Source: Alberto E. Rodriguez / Getty Images

3. Margaret O’Brien
> Age: 83
> Film credits: 33
> Most recent movie: “Love Is In Bel Air” (2021)
> Earliest movie: “Babes on Broadway” (1941)

Next to Shirley Temple, Margaret O’Brien was the most famous child actress before the television era. She was known for her emotional performances and ability to cry instantly. Among her films are “Journey for Margaret” (1942) in which she played a war orphan in London, and “Meet Me in St. Louis” in 1944, for which she won a special juvenile Academy Award.


Source: nasa_goddard / Flickr

2. June Lockhart
> Age: 95
> Film credits: 40
> Most recent movie: “Bongee Bear and the Kingdom of Rhythm” (2019)
> Earliest movie: “A Christmas Carol” (1938)

June Lockhart carved an everlasting niche as America’s favorite TV mom in series such as “Lassie” in the 1950s and “Lost in Space” in the 1960s. Before her television career, she appeared in films like “Sergeant York” in 1941 and “Meet Me in St. Louis” in 1944. Her screen debut was in “A Christmas Carol” in 1938 with actor/parents Gene and Kathleen Lockhart.
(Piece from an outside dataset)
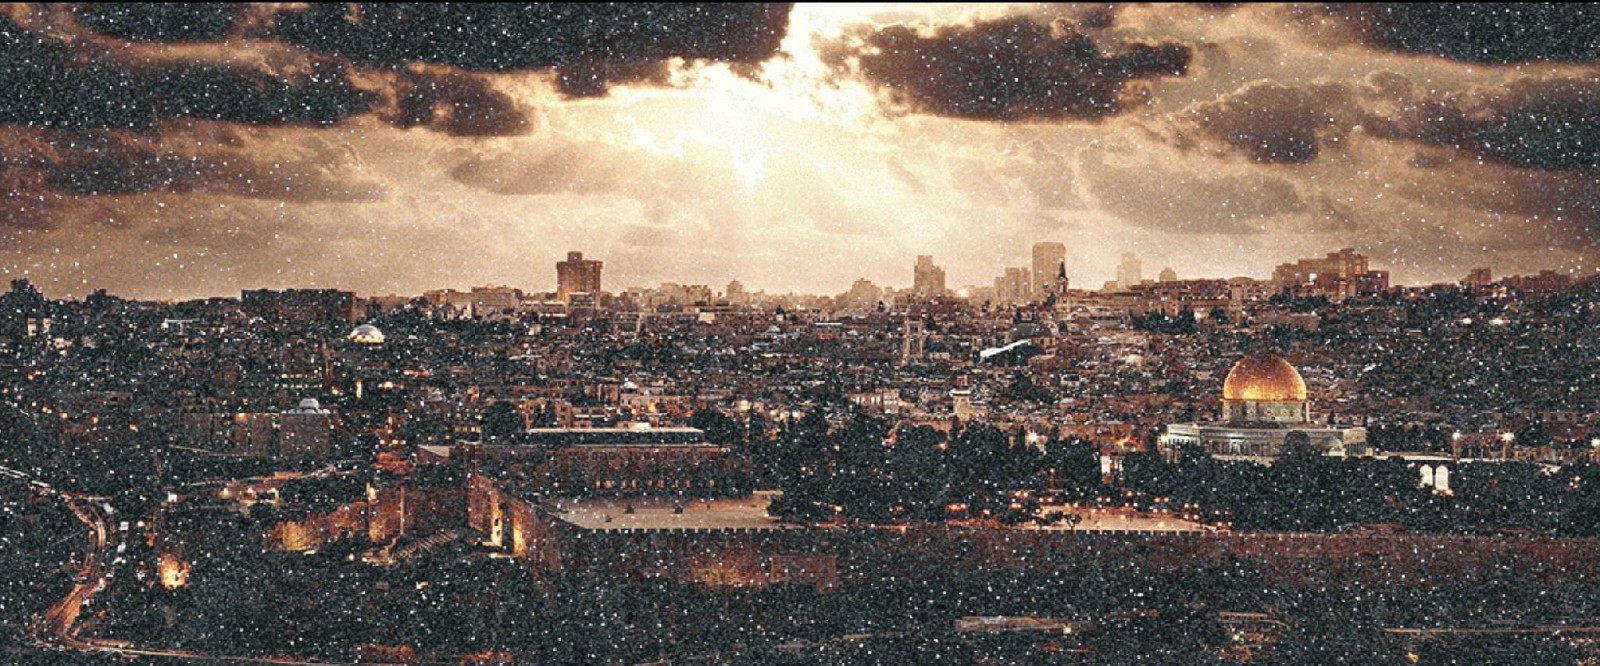 David Drebin, Jerusalem, 2021
Digital C Print with Diamond Dust, 35 x 84 in.

Source: Matthew Simmons / Getty Images

1. Terry Moore
> Age: 91
> Film credits: 67
> Most recent movie: “American Superman” (2020)
> Earliest movie: “Maryland” (1940)

Now 91 years old, American actress Terry Moore first appeared on screen in 1940 with uncredited roles in the movies “Maryland” and “The Howards of Virginia.” Moore would soon turn heads, starring in “Mighty Joe Young” (1949), and later receive an Academy Award nomination for her supporting role in “Come Back, Little Sheba” (1952). While Moore focused largely on television work from the early ’60s through the early ’90s, she has continued to appear in feature films, with her latest movie, “American Superman.”


To determine the actors with the longest careers, 24/7 Tempo reviewed the filmographies for the top 5,000 ranked actors aged 35 years old and over on IMDb’s STARmeter. This ranking is a weekly measure of popularity based on user behavior on the Internet Movie Database.

We determined the length of one’s career by finding the number of years that had passed between an actor’s earliest release and their most recent. Television shows were not included in this process. In cases where actors had the same amount of time passed between their earliest and most recent movies, their overall number of movie credits were used as a tie-breaker.